Suggestions for teens
- Adopt a healthy lifestyle. This includes regular eating and sleeping habits, physical activity, and avoiding alcohol and drugs.
- While you are still with the paediatric epilepsy care team, try to gradually take more responsibility for dealing with the team by yourself. Set up your own appointments, write down questions ahead of time and discuss issues and concerns that are important to you.
- At each appointment, ask for time to speak with the paediatric epilepsy care team about sensitive or private issues without parents present.
- Understand how epilepsy and its treatment affect you. Ask questions and keep your own records about your condition and treatment.
- With your parents, ask your paediatric care team to suggest an adult care team or clinic and to transfer all pertinent information to them.
- Remember that your parents are still there to act as a resource and backup if you need them. Don't feel that you have to do everything by yourself.

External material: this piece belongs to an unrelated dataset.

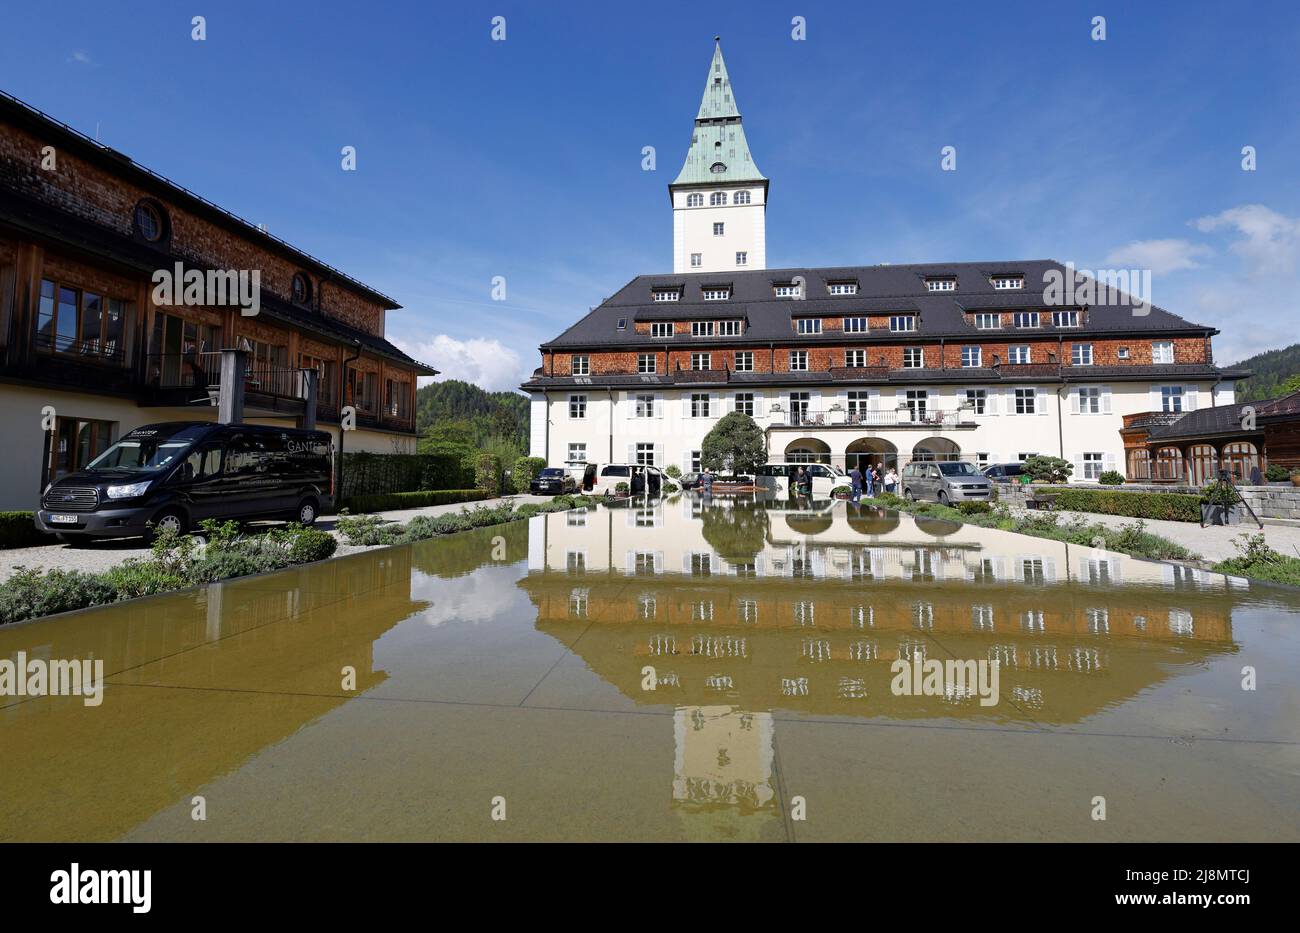 A general view shows the hotel Castle Elmau, where the G7 Summit will be held in June 2022, in Kruen, near the southern Bavarian resort of Garmisch-Partenkirchen, Germany, May 17, 2022. REUTERS/Michaela Rehle Stock Photo

For more information for teens about this transition, please see Transitioning through health care as a teenager: Timeline.
Getting help from an advocate
Once a teen is a young adult, it may not always be possible for a family member to go with them to appointments. If they need extra support during appointments—for example, if they have memory problems—an advocate from the local epilepsy association may be able to help:
- Before the appointment, an advocate might get information from the young person or their family about seizures, medications and questions for the health-care provider.
- During the appointment, the advocate might support the young person by sharing information with the health-care provider and making sure the young person’s questions about medications, side effects, other treatment options and lifestyle issues are fully addressed.
Check with your local epilepsy association to see if an advocate is available.